DATASET EXCERPT
-*-
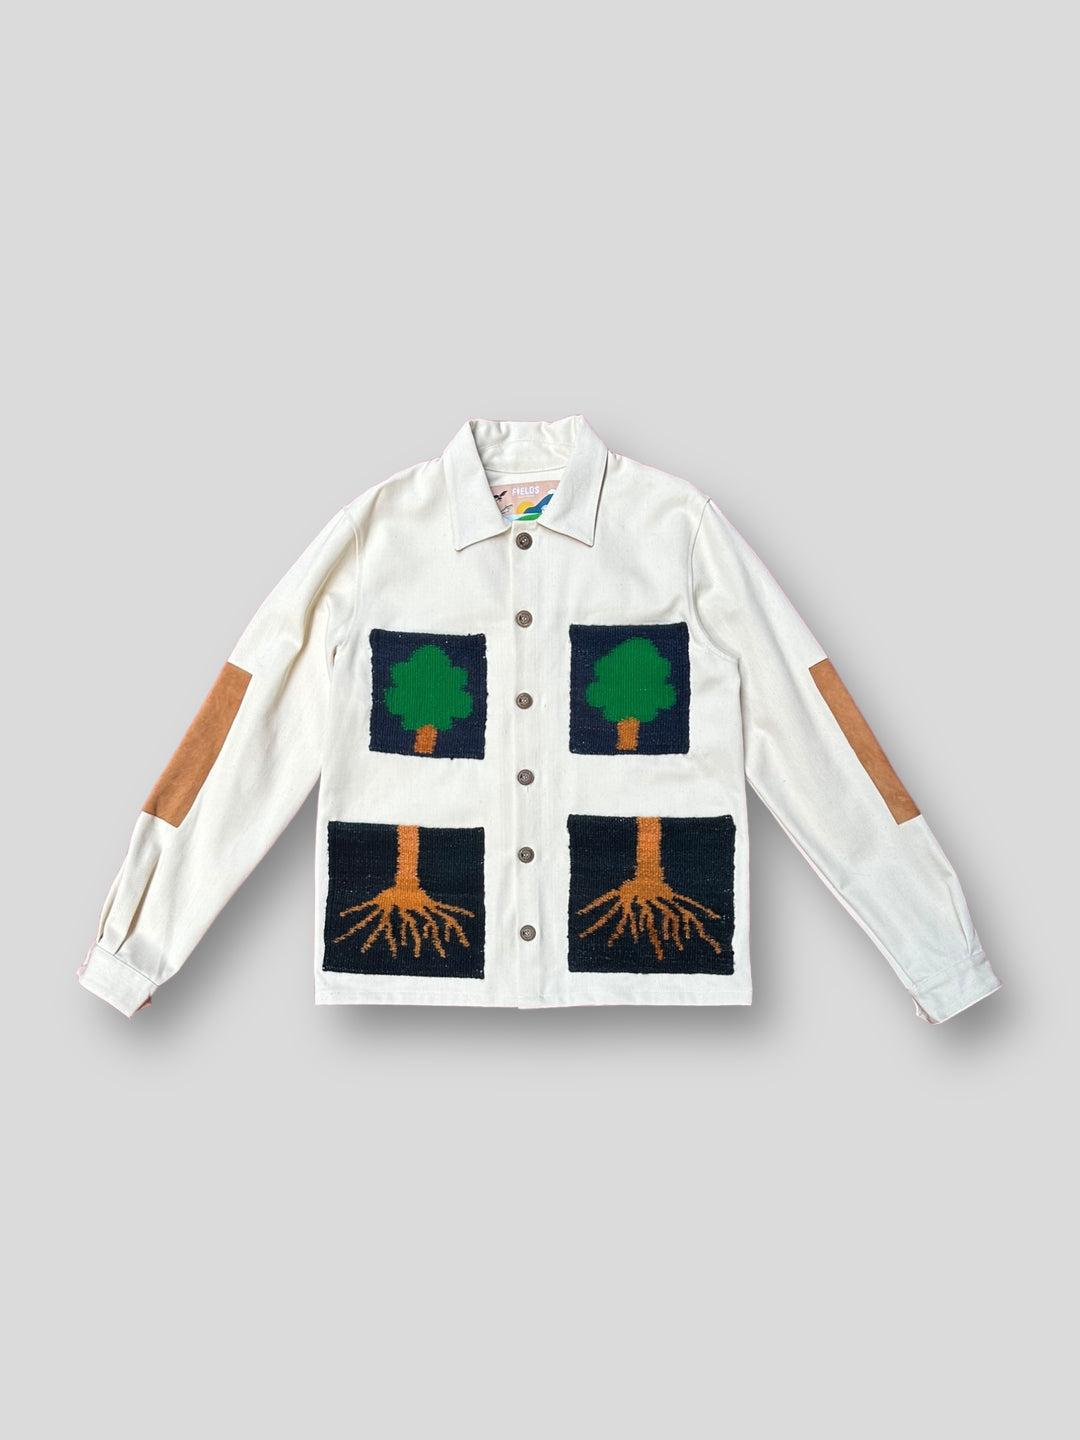 The Roots Tapestry Jacket
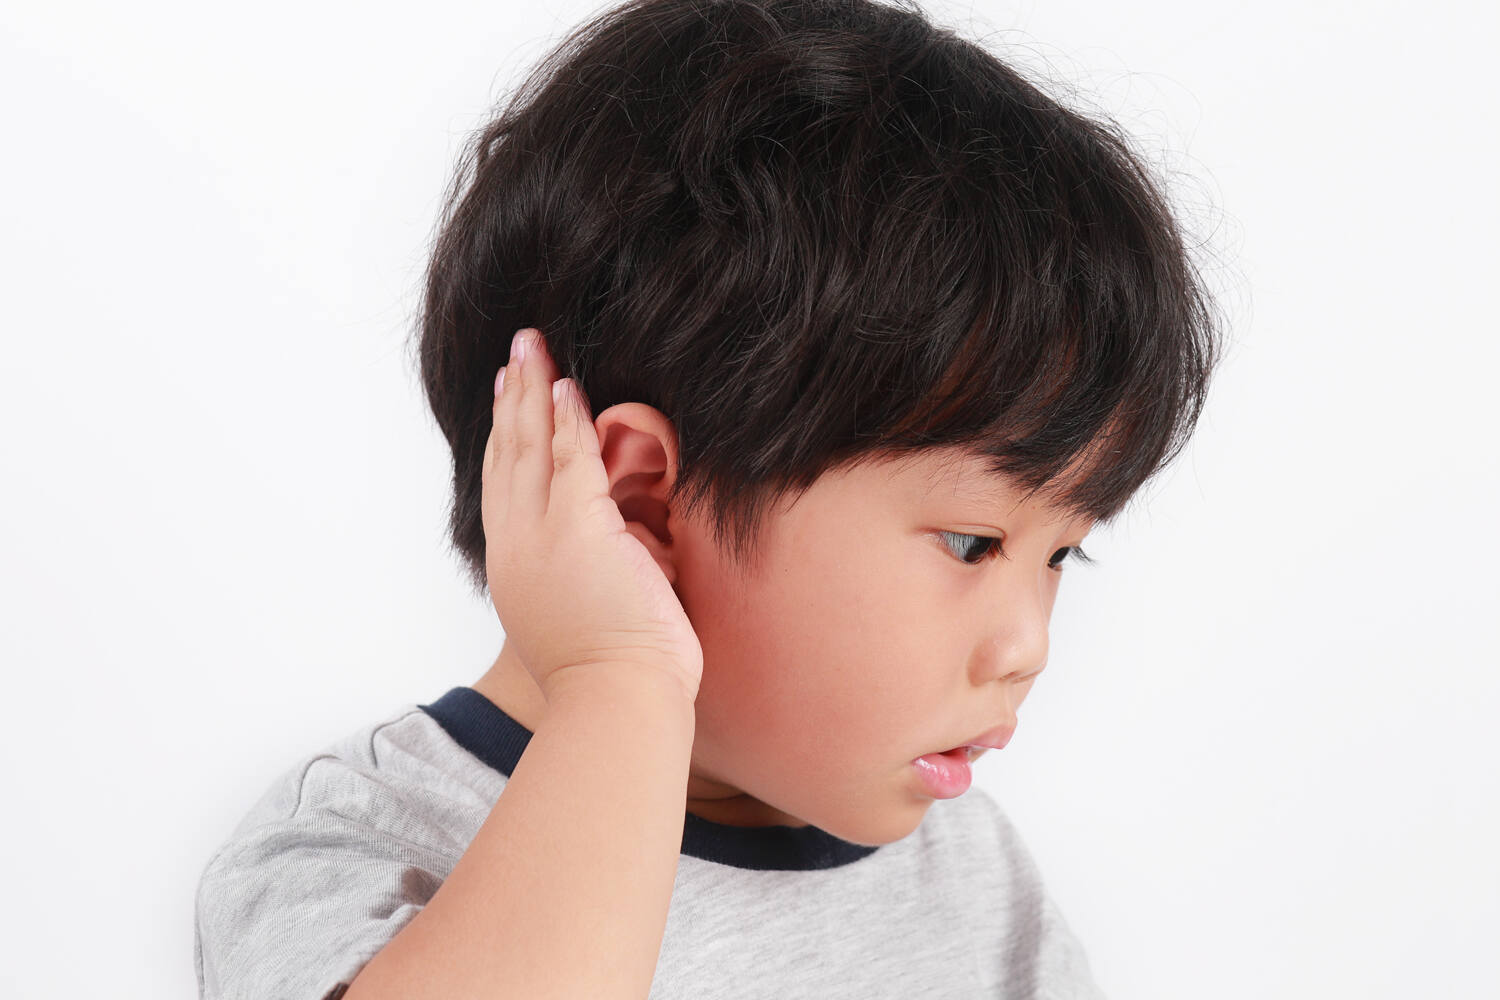 Not responding to sound  is one of the signs of hearing loss
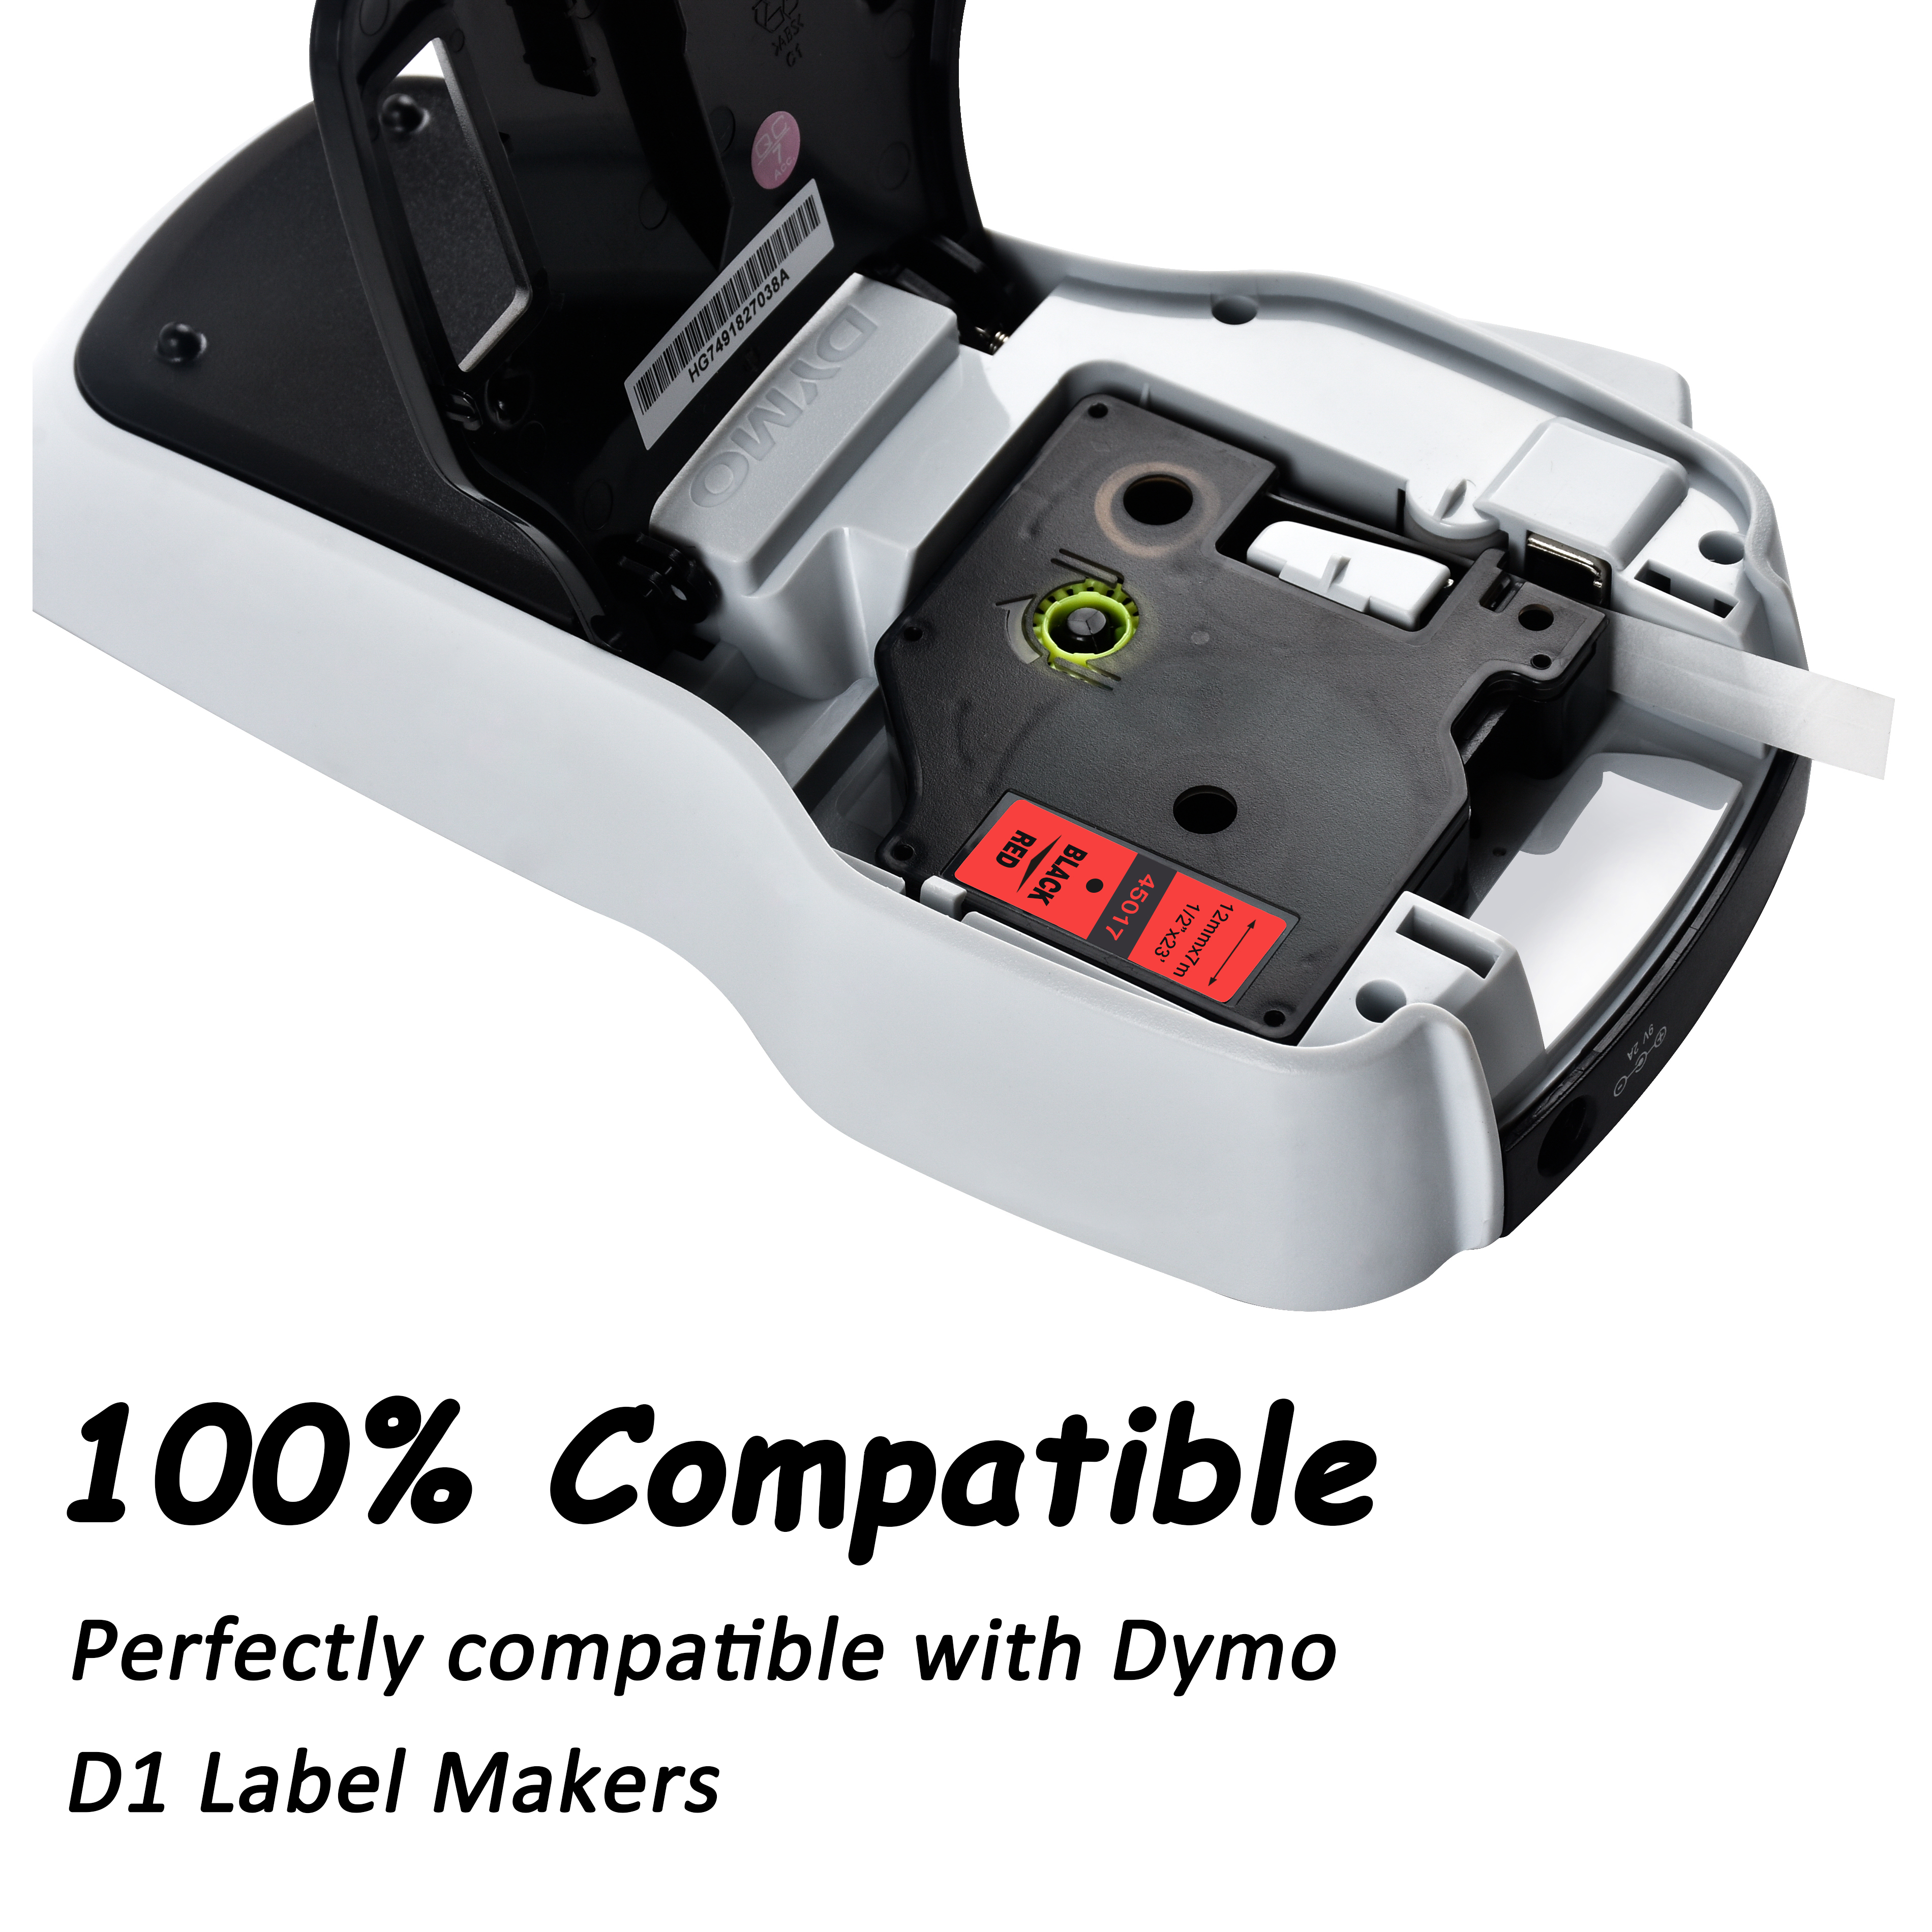 Cidy 45017 Compatible Dymo D1 manager 12mm black on red label tape for Dymo Label Printer DYMO LM160 LM280 dymo PNP
-*-
THE TASK
Leave out the pictures and retype every line above exactly.

ANSWER FOR THIS EXERCISE
 The Roots Tapestry Jacket
 Not responding to sound  is one of the signs of hearing loss
 Cidy 45017 Compatible Dymo D1 manager 12mm black on red label tape for Dymo Label Printer DYMO LM160 LM280 dymo PNP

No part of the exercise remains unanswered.